Neural networks have become increasingly popular in the field of machine learning and have been successfully used in many applied fields (e.g., imaging recognition). With more and more research has been conducted on neural networks, we have a better understanding of the statistical proprieties of neural networks. While many studies focus on bounding the prediction error of neural network estimators, limited research has been done on the statistical inference of neural networks. From a statistical point of view, it is of great interest to investigate the statistical inference of neural networks as it could facilitate hypothesis testing in many fields (e.g., genetics, epidemiology, and medical science). In this paper, we propose a goodness-of-fit test statistic based on neural network sieve estimators.

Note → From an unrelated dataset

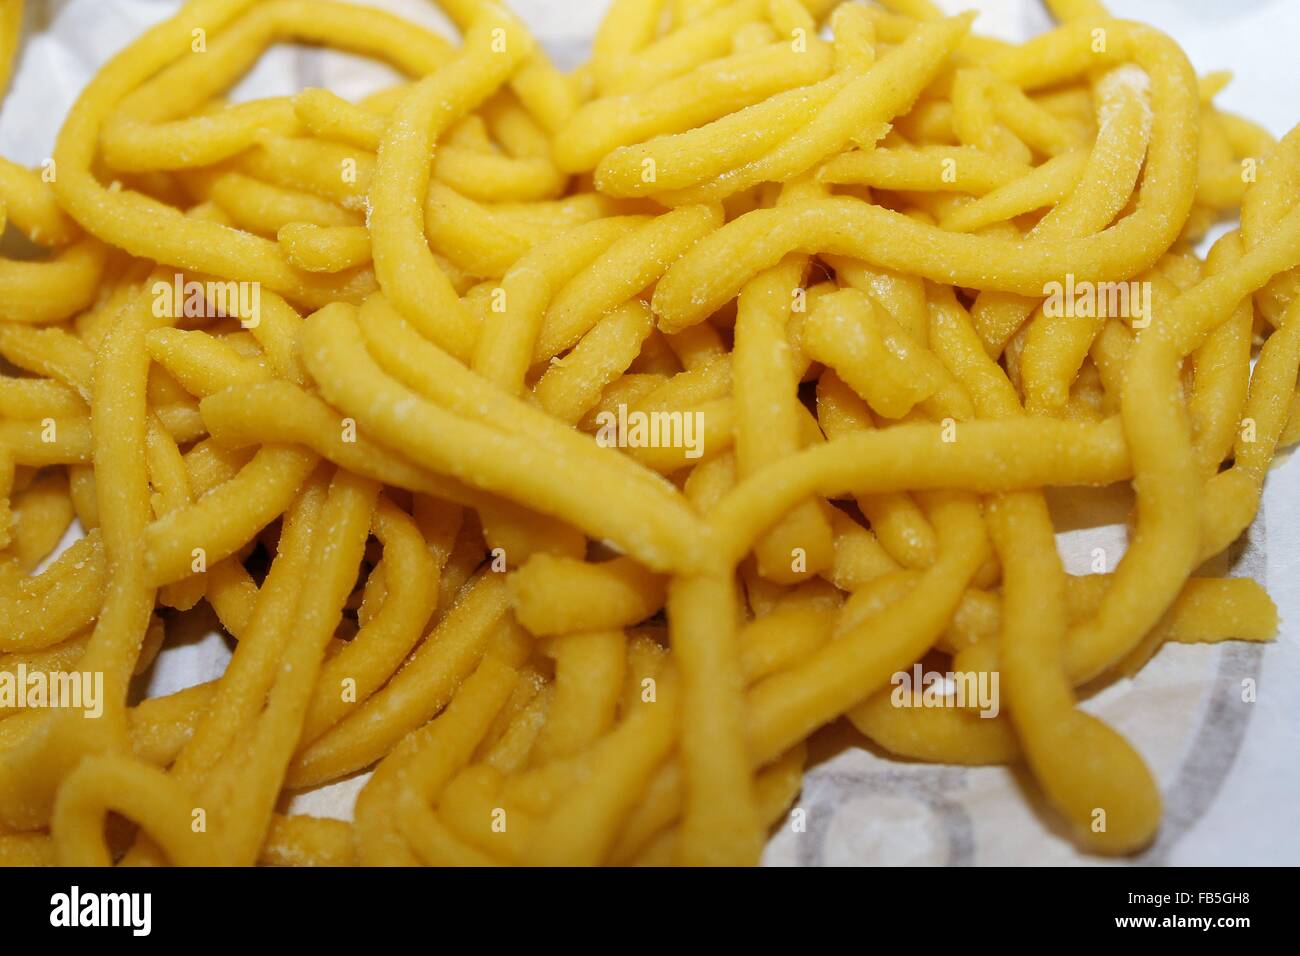 https://c8.alamy.com/compes/fb5gh8/pasta-fresca-de-cerca-y-de-textura-de-fideos-caseros-fb5gh8.jpg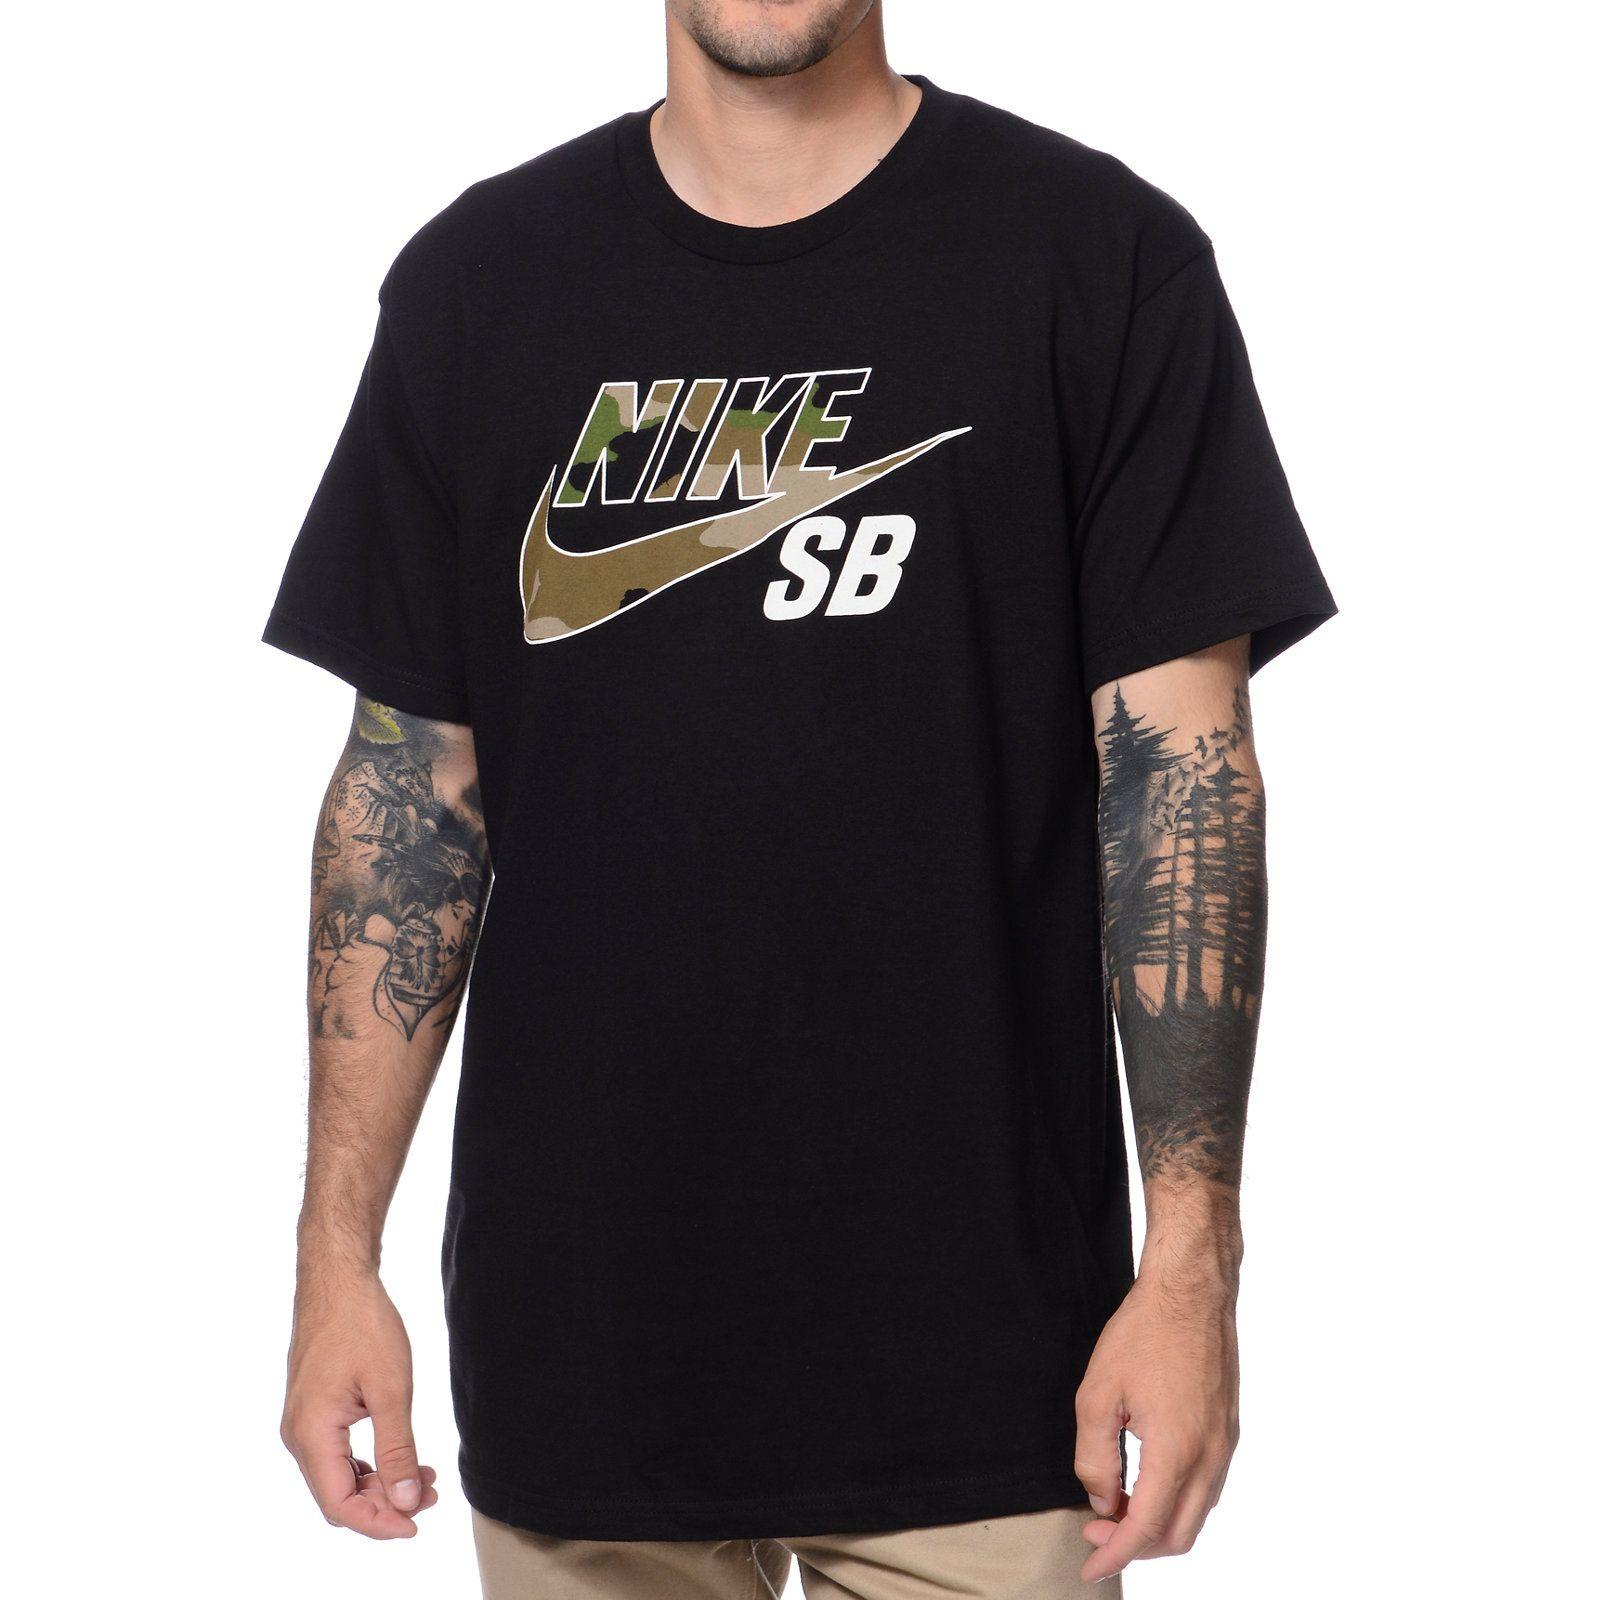 Nike SB Camo Logo - Nike SB QT Icon Camo Black T-Shirt | Clothes | Nike SB, Camo, Tee shirts

The test statistic follows an asymptotic distribution, which makes it easy to use in practice. We have also verified the theoretical asymptotic results via simulation studies and a real data application.

Suggested Citation

  • Shen, Xiaoxi & Jiang, Chang & Sakhanenko, Lyudmila & Lu, Qing, 2021. "A goodness-of-fit test based on neural network sieve estimators," Statistics & Probability Letters, Elsevier, vol. 174(C).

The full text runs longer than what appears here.